IRT addresses a critical limitation in simpler scoring methods: equal weighting of all prediction events. Using a slight variant [3] of the two-parameter logistic (2-PL) IRT model, we jointly estimate each LLM’s capability parameter alongside the difficulty and discrimination parameters for each prediction event. Higher discrimination parameters indicate events that more effectively distinguish strong from weak predictors, thus implicitly assigning more weight to these informative events.

This approach is highly versatile. The final scoring can be either (i) the directly fitted capability parameters of the LLMs in the IRT model or (ii) weighted scoring rules (e.g. Brier score) using event-level discrimination parameters. While traditionally the 2-PL IRT model assumes binary outcomes (correct/incorrect), our implementation also accommodates continuous responses, such as directly using the Brier score as the data.

Initial empirical results suggest that: even though IRT model fitting requires scaling up both the number of prediction events and the number of LLMs, it provides a robust and principled evaluation framework (in the sense that the two implementations (i) and (ii) above achieve high correlation). Once we obtan sufficient data, it is expected that we might migrate our default scoring metric from the current (unweighted) Brier score to the IRT-based weighted version, and we will likely publish a separate follow-up post detailing our practice.

Generalized Bradley–Terry (BT) Model¶

The generalized BT model [4] extends traditional pairwise-comparison methods—like those used by LMArena—to our prediction-market setting.

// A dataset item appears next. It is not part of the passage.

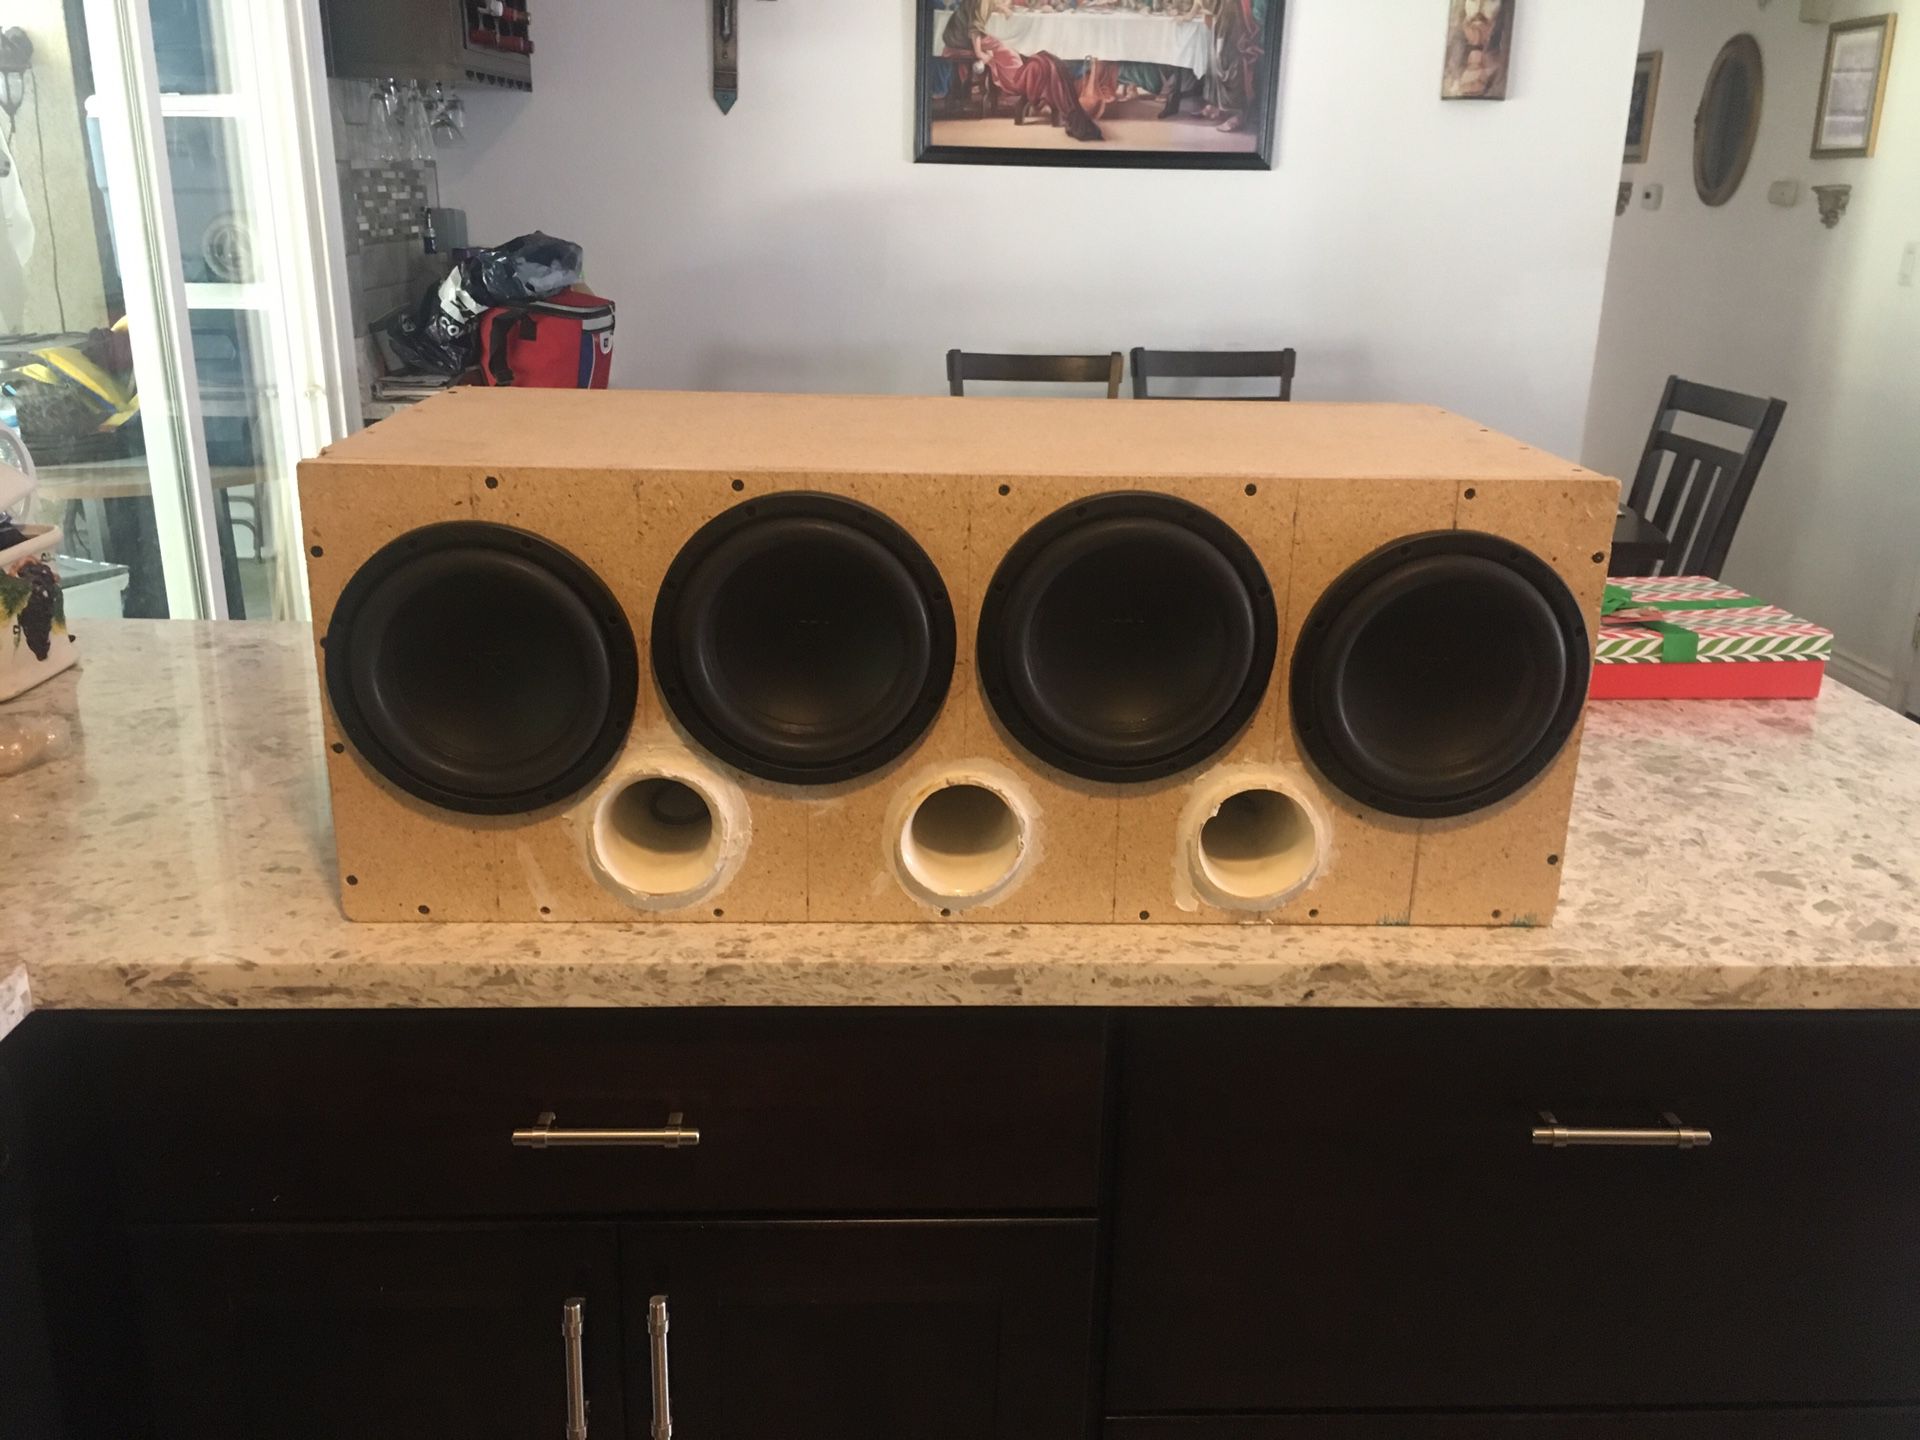 Four 8” subs in custom ported box southwest

Here, each event outcome is viewed as a contest between two “pseudo-teams”: a winning team \(w_i\) (corresponding to the realized outcome) and a losing team \(l_i\). Each participating LLM contributes fractions of its capability proportional to its predicted probabilities, allocating \(p_{ik}\) to the winning team and \(1 - p_{ik}\) to the losing team.

We model the winning probability for \(E_i\) using the BT formulation:

\[\begin{equation*} \frac{e^{\theta_{w_i}}}{e^{\theta_{w_i}} + e^{\theta_{l_i}}} \end{equation*}\]

where \(\theta_{w_i}\) and \(\theta_{l_i}\) are the summed “fractional” capabilities of the winning and losing teams, respectively. Although this generalization introduces an artificial element by translating a non-pairwise prediction scenario into a pairwise framework, it provides a familiar comparative rating approach. Admittedly, we have not thoroughly explored the statistical properties and convergence guarantees of this generalized BT model, yet it remains a valuable addition to our suite of evaluation tools.

References:¶

[1] Damani, Mehul, et al. “Beyond Binary Rewards: Training LMs to Reason About Their Uncertainty.” arXiv preprint arXiv:2507.16806 (2025).

[2] Xu, Tianyang, et al. “Sayself: Teaching llms to express confidence with self-reflective rationales.” In Proceedings of the 2024 Conference on Empirical Methods in Natural Language Processing, pp. 5985–5998 (2024).

[3] Bo, Yuanchao Emily, et al. “An IRT forecasting model: Linking proper scoring rules to item response theory.” Judgment and Decision Making 12.2: 90-103 (2017).

[4] Huang, Tzu-Kuo, et al. “Generalized Bradley-Terry Models and Multi-Class Probability Estimates.” Journal of Machine Learning Research 7.1 (2006).